• _YOUR INSTRUCTIONS_:
Only the lines from the one containing "Of Juice DIPA" through the last line of the data below belong in your answer, copied exactly and without pictures.

• _RAW DATA_:
Start of Block

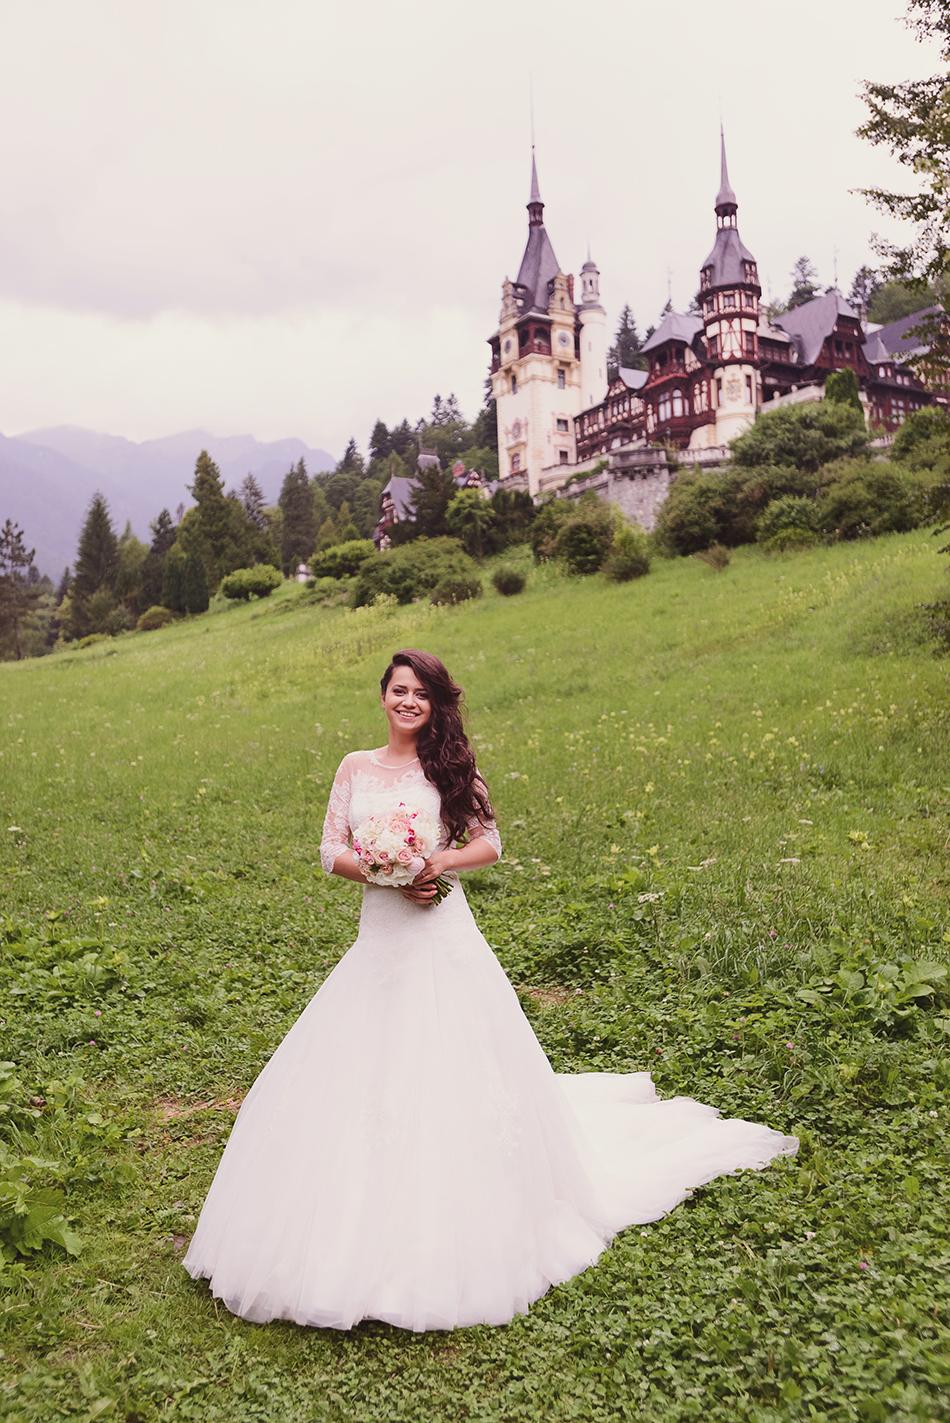 AD Passion Photography | fotograf-nunta-bucuresti_lorena-si-ammadeuss_0098 | Adelin, Dida, fotograf profesionist, fotograf de nunta, fotografie de nunta, fotograf Timisoara, fotograf Craiova, fotograf Bucuresti, fotograf Arad, nunta Timisoara, nunta Arad, nunta Bucuresti, nunta Craiova
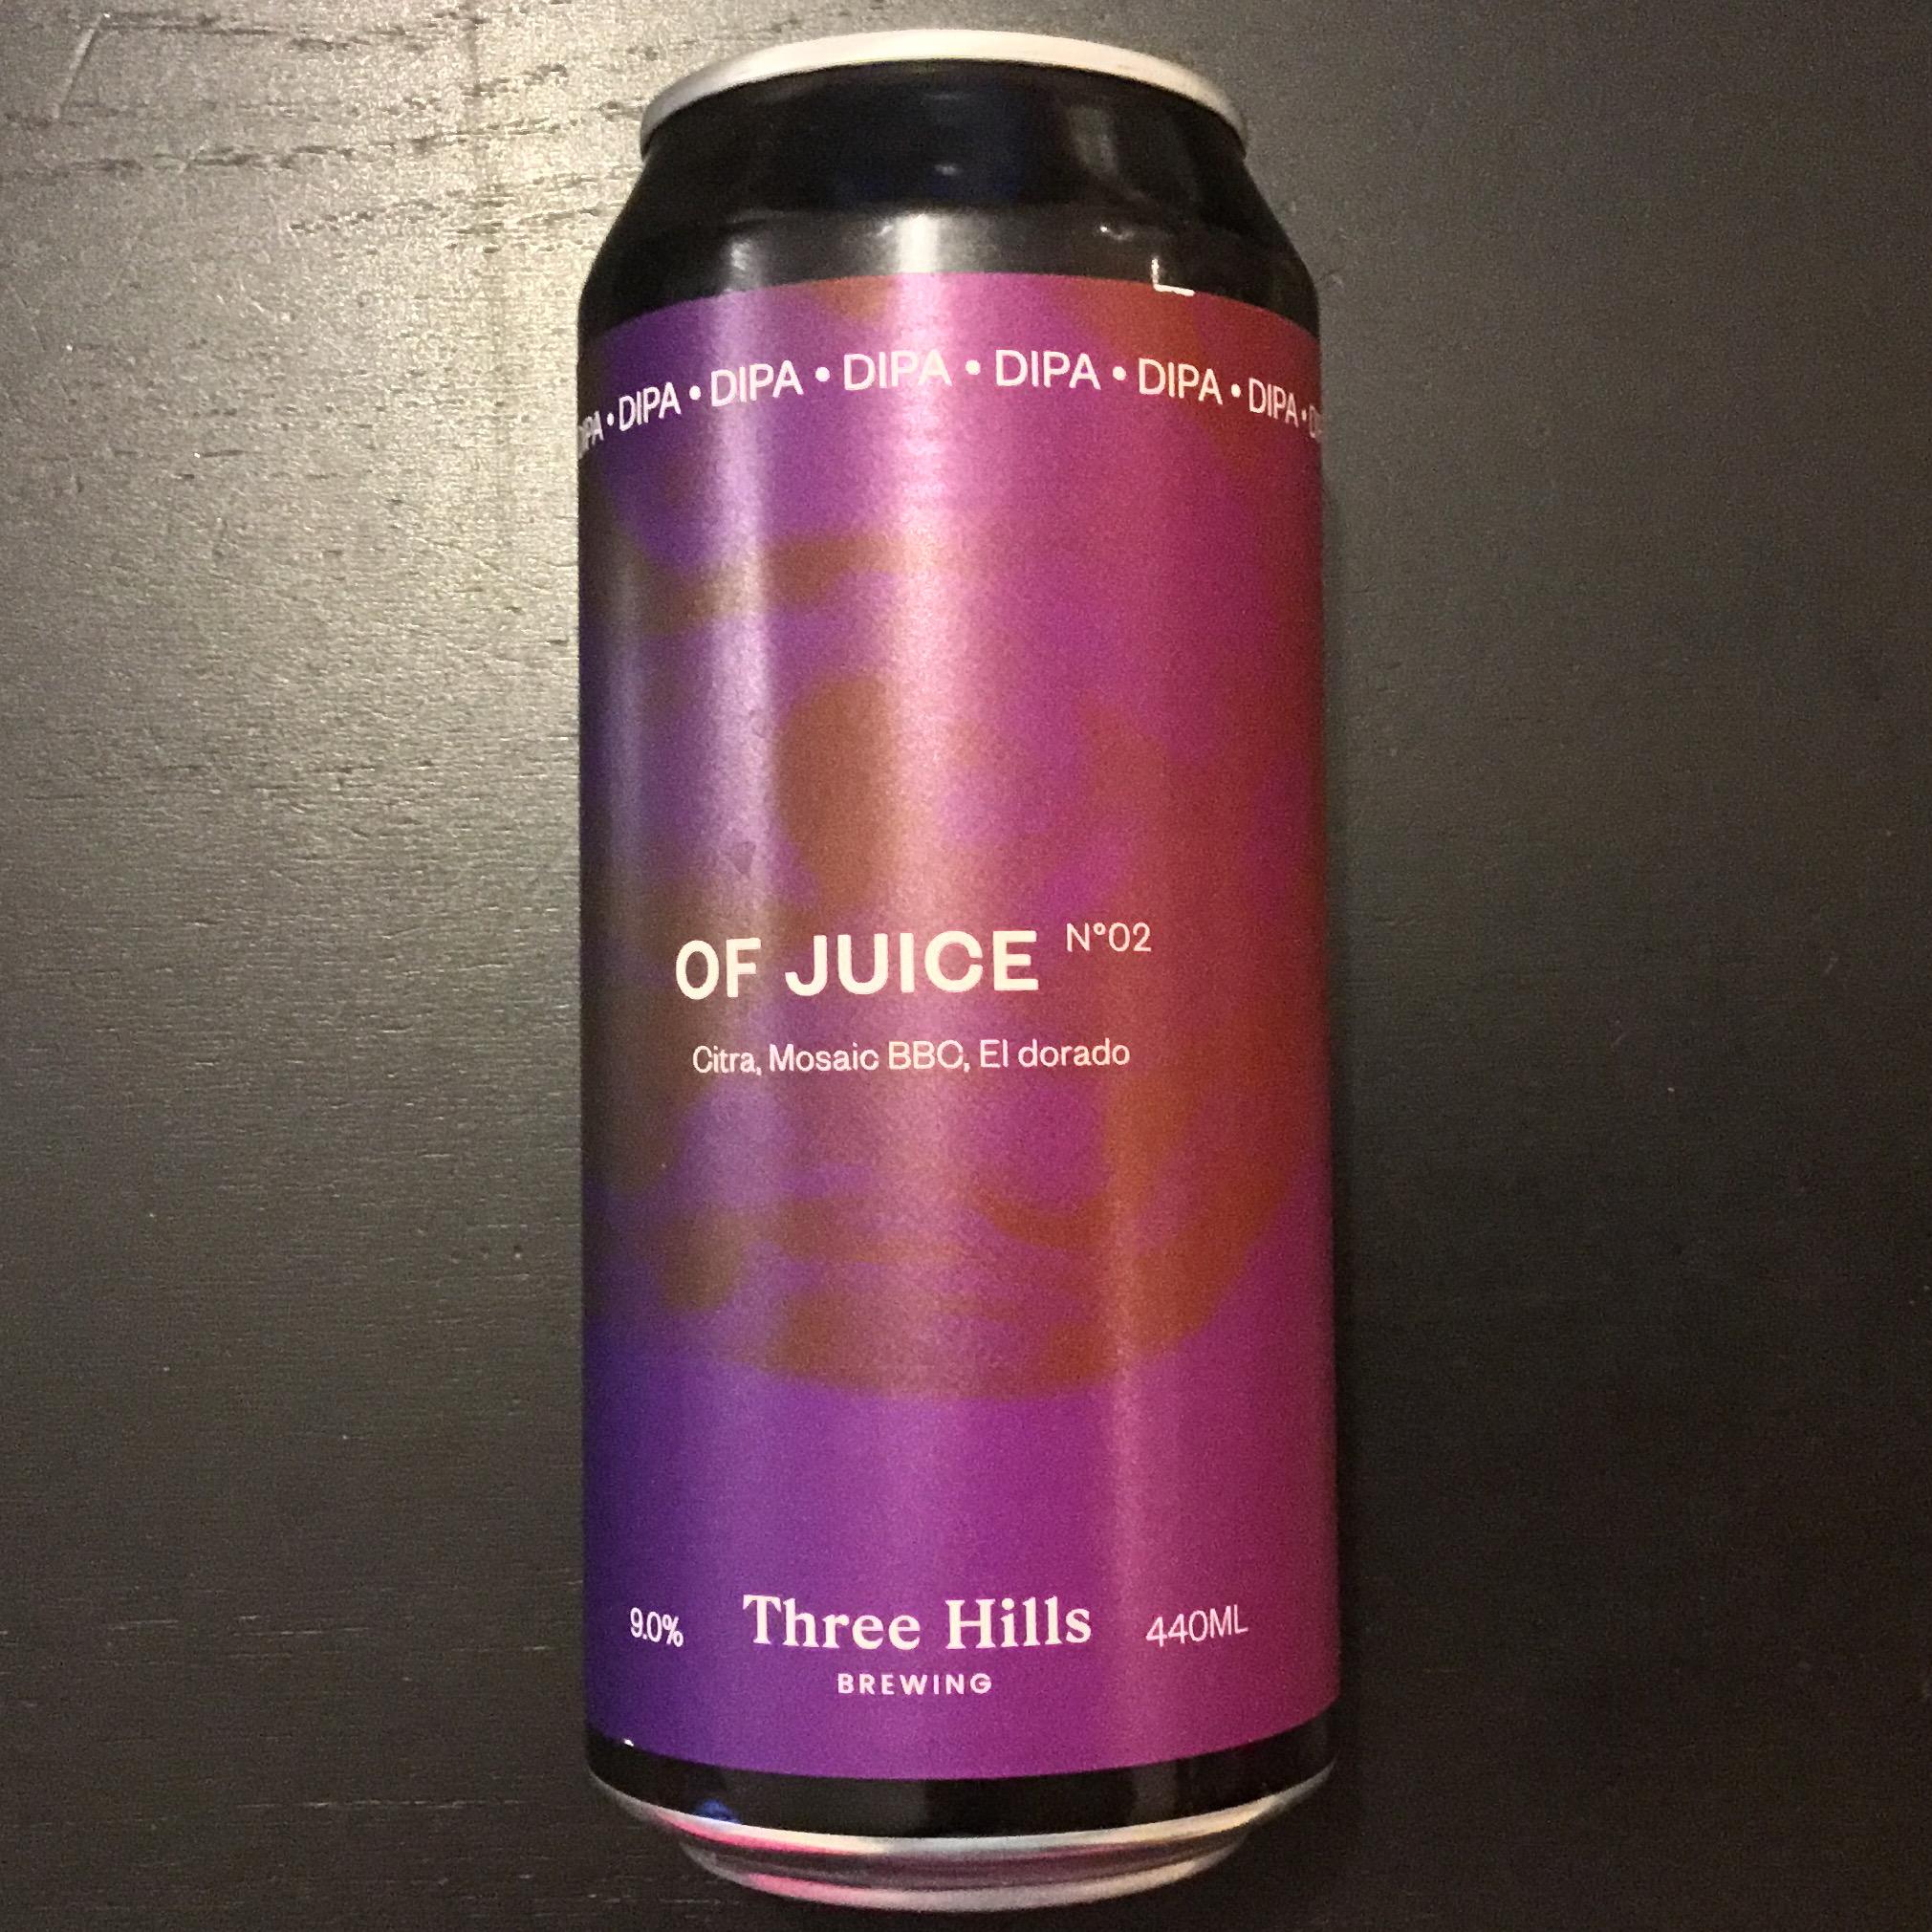 Of Juice DIPA 9% 440ml No2 Three Hills Brewing
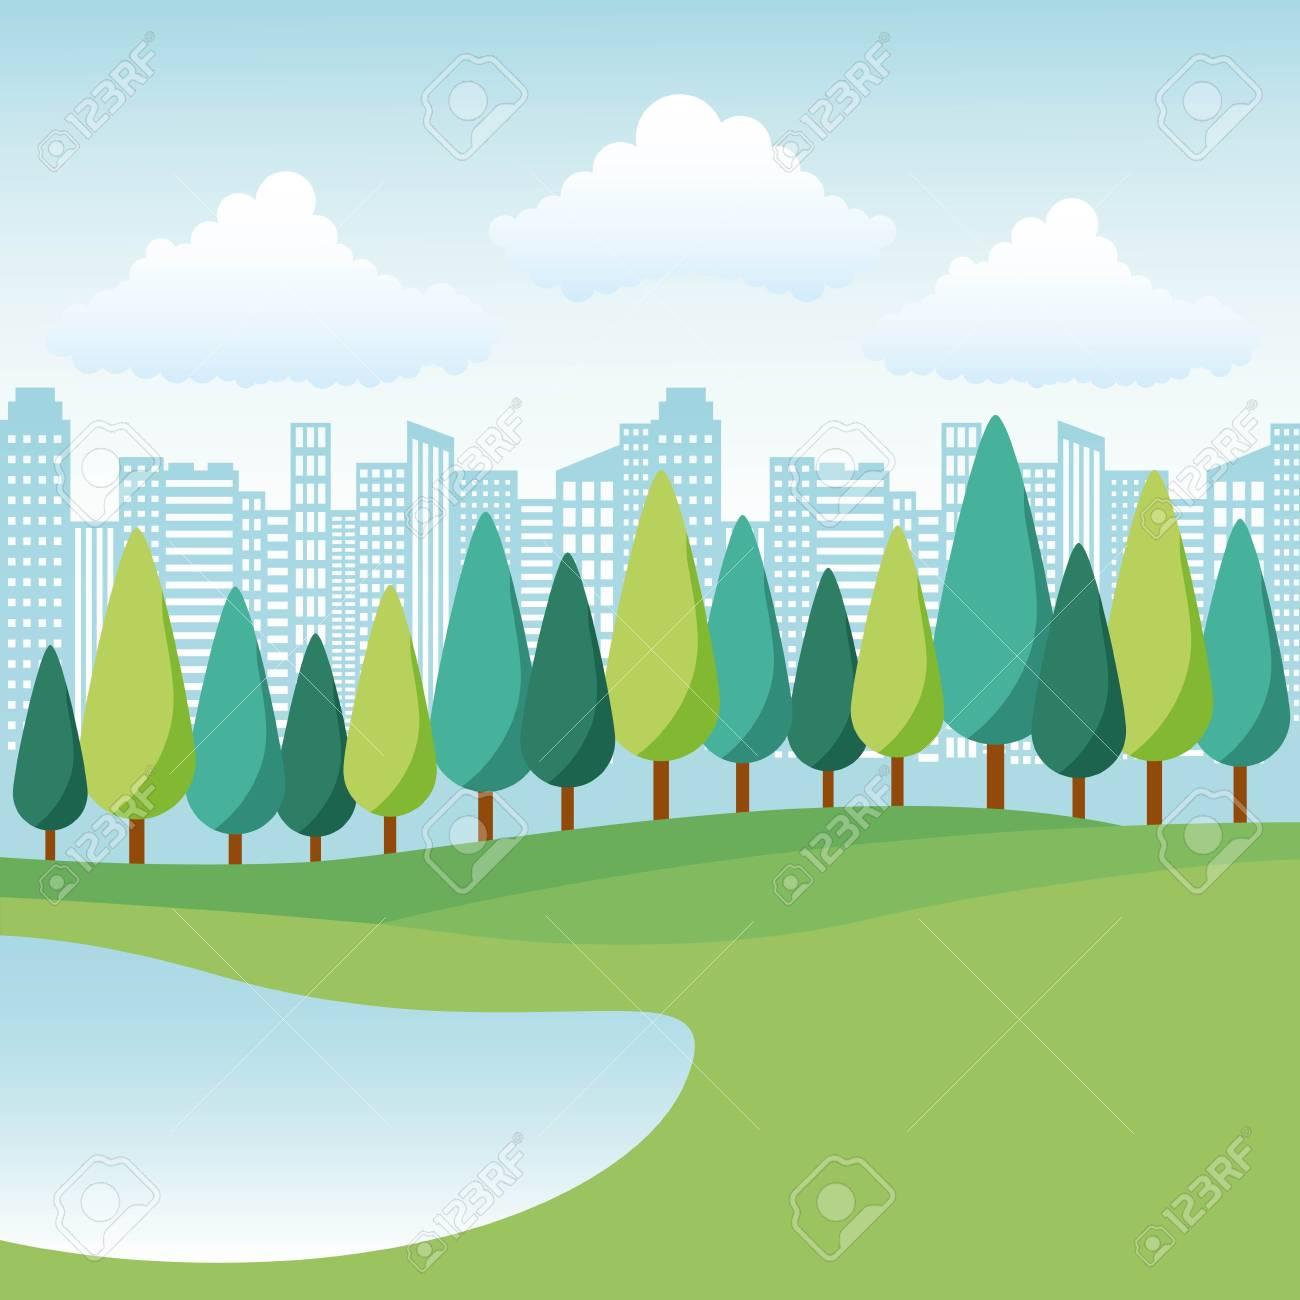 natural park lake trees and city landscape vector illustration - 112326758

End of Block

• _SOLUTION TO THIS EXERCISE_:
 Of Juice DIPA 9% 440ml No2 Three Hills Brewing
 natural park lake trees and city landscape vector illustration - 112326758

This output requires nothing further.